Ele já foi um ícone do cinema alternativo americano, estrela de série policial adolescente dos anos 80, dono de fábrica de chocolate, astronauta, músico e encantou a geração do século XXI sendo um pirata. Apesar de uma carreira em crescente ascensão, as escolhas pessoais de Johnny Depp tomaram um caminho oposto e acabaram por colidir com a reta em crescimento. Diante disso, qual dos segmentos terá mais força nos próximos passos da carreira do ator?

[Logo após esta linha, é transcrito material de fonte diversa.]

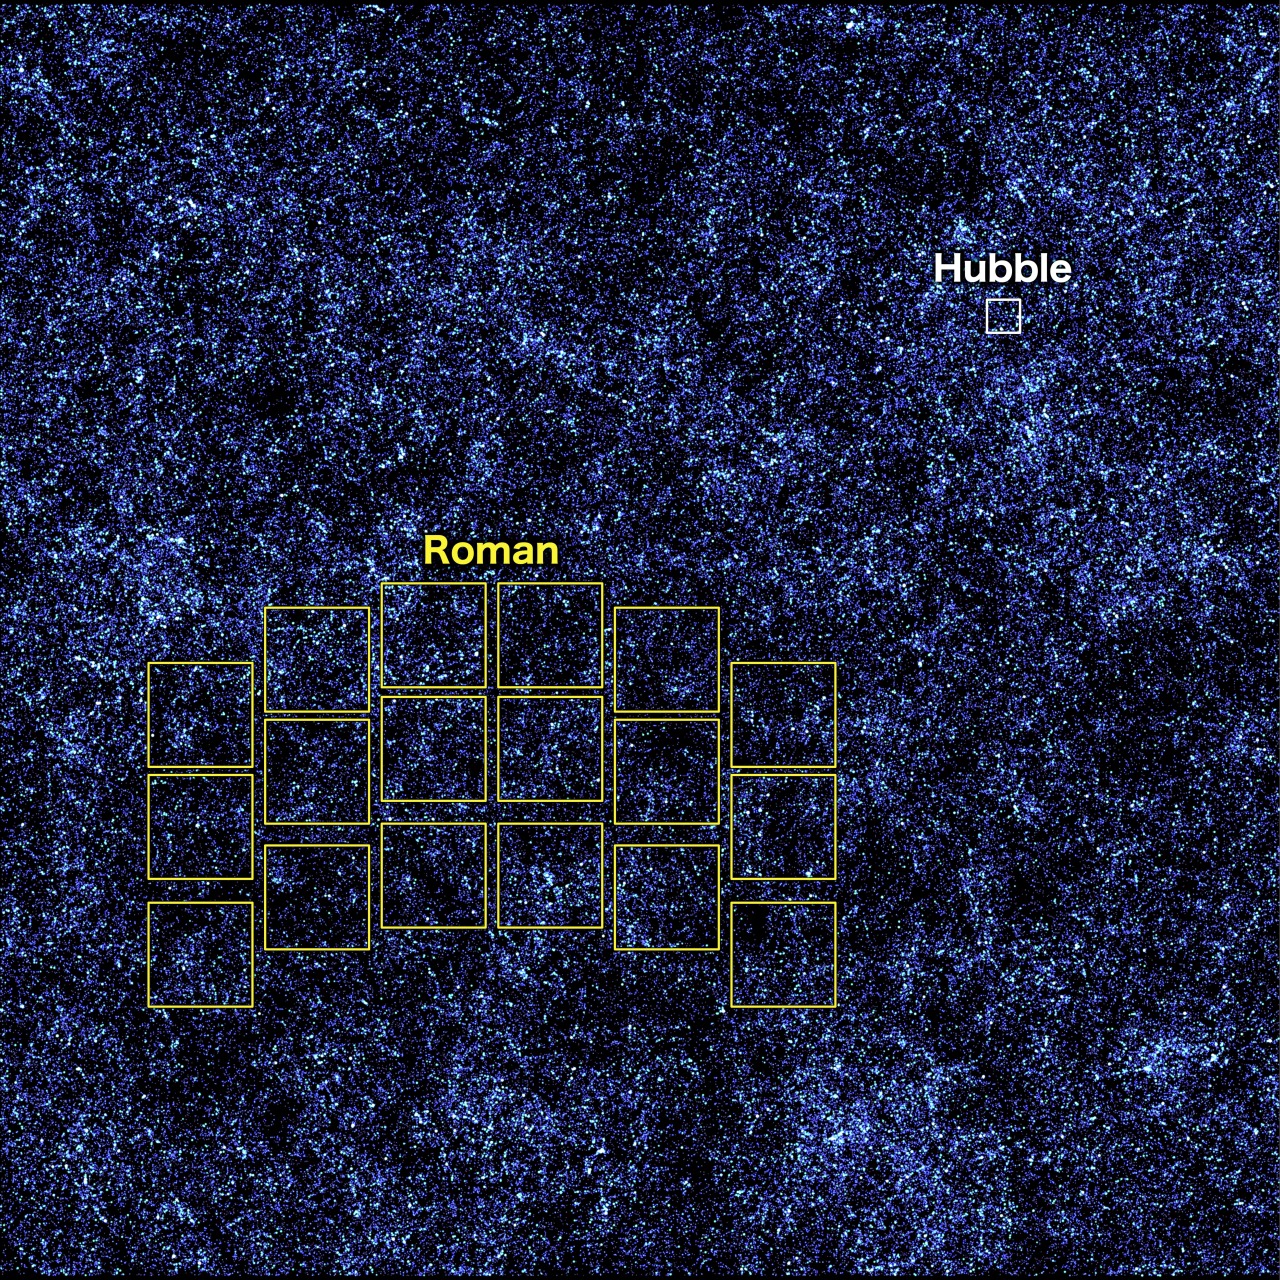 Binlerce küçük, açık ve derin mavi nokta, simüle edilmiş bir evrendeki galaksileri temsil eden siyah bir arka planı kaplar. Küçük beyaz bir kare "Hubble" olarak etiketlenmiştir. Üç eğri sıra halinde yönlendirilmiş 18 çok daha büyük kareden oluşan bir dizi "Roma" olarak etiketlenmiştir. Kredi: NASA'nın Goddard Uzay Uçuş Merkezi ve A. Yung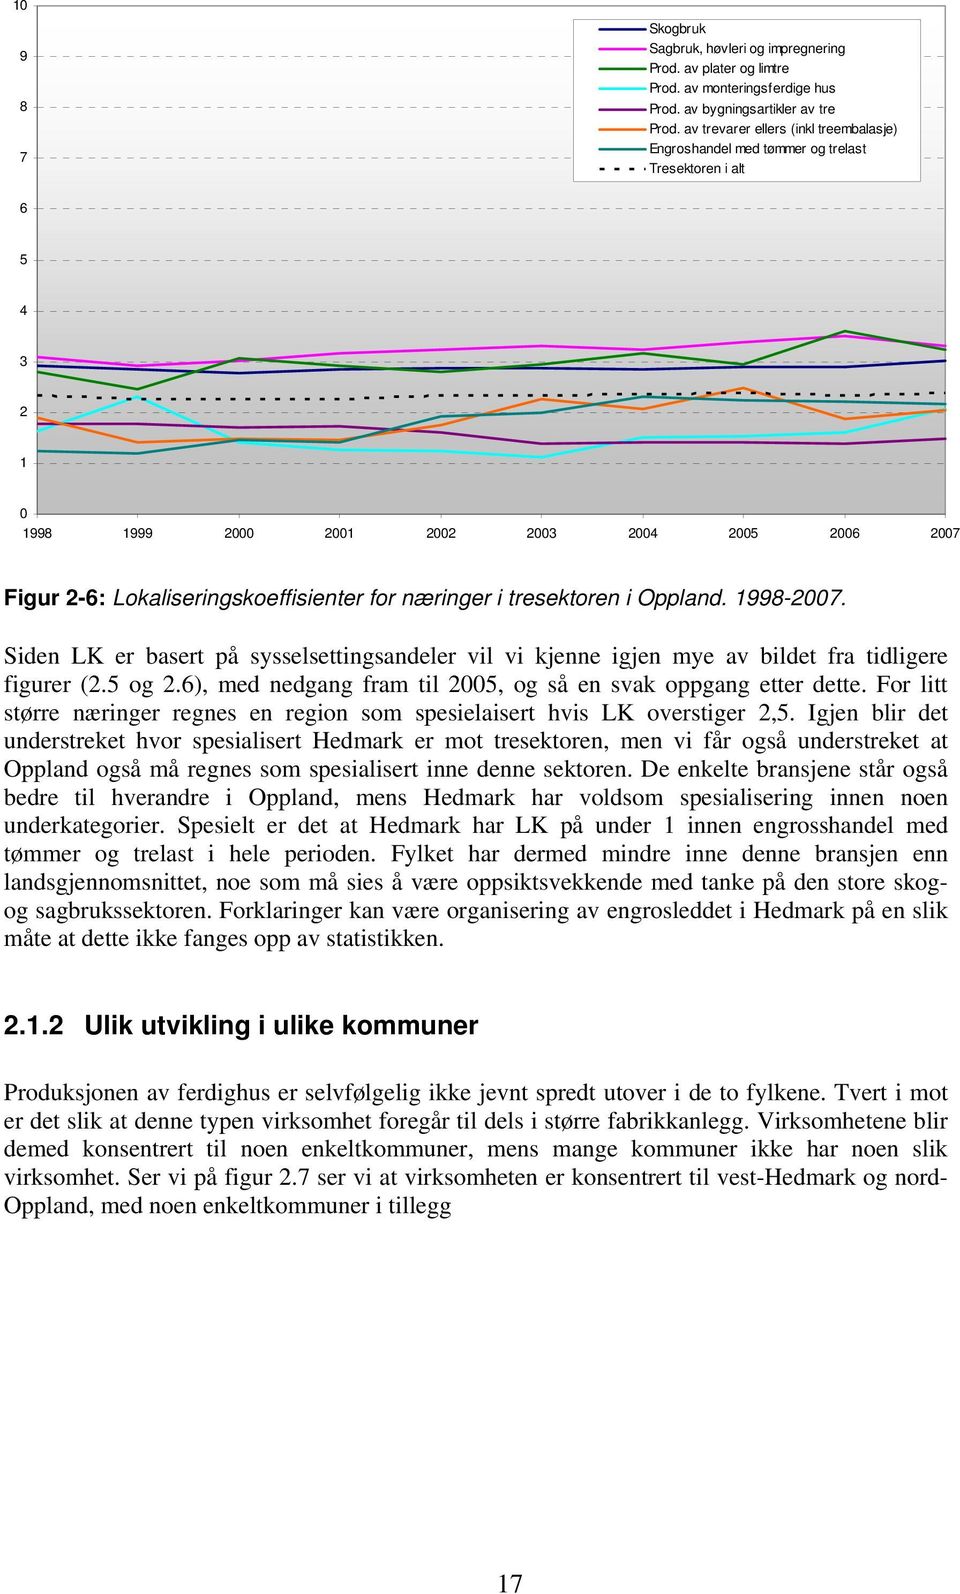 næringer i tresektoren i Oppland. 1998-2007. Siden LK er basert på sysselsettingsandeler vil vi kjenne igjen mye av bildet fra tidligere figurer (2.5 og 2.

Conhecido por ser um camaleão em cena, Depp não tem conseguido camuflar tão bem os escândalos que sua vida pessoal enfrenta nos últimos anos e que, coincidentemente, acabam por refletir na carreira do ator norte-americano. Embora a maior parte do tumulto no âmbito pessoal tenha ganhado fôlego com a denúncia de violência doméstica feita pela ex-esposa, Amber Heard, a carreira profissional já não andava bem das pernas. Querido tanto pelos críticos como pelo público, os últimos trabalhos do ator têm quebrado esse fascínio tão bem estabelecido nos anos 1990. Muito disso se deve as escolhas de projeto e pouco a suas interpretações, embora parte do encanto de suas camuflagens tenha se tornado caricato e repetitivo. Há momentos em que parece que Jack Sparrow assume no lugar de Johnny Depp tanto na vida quanto na profissão.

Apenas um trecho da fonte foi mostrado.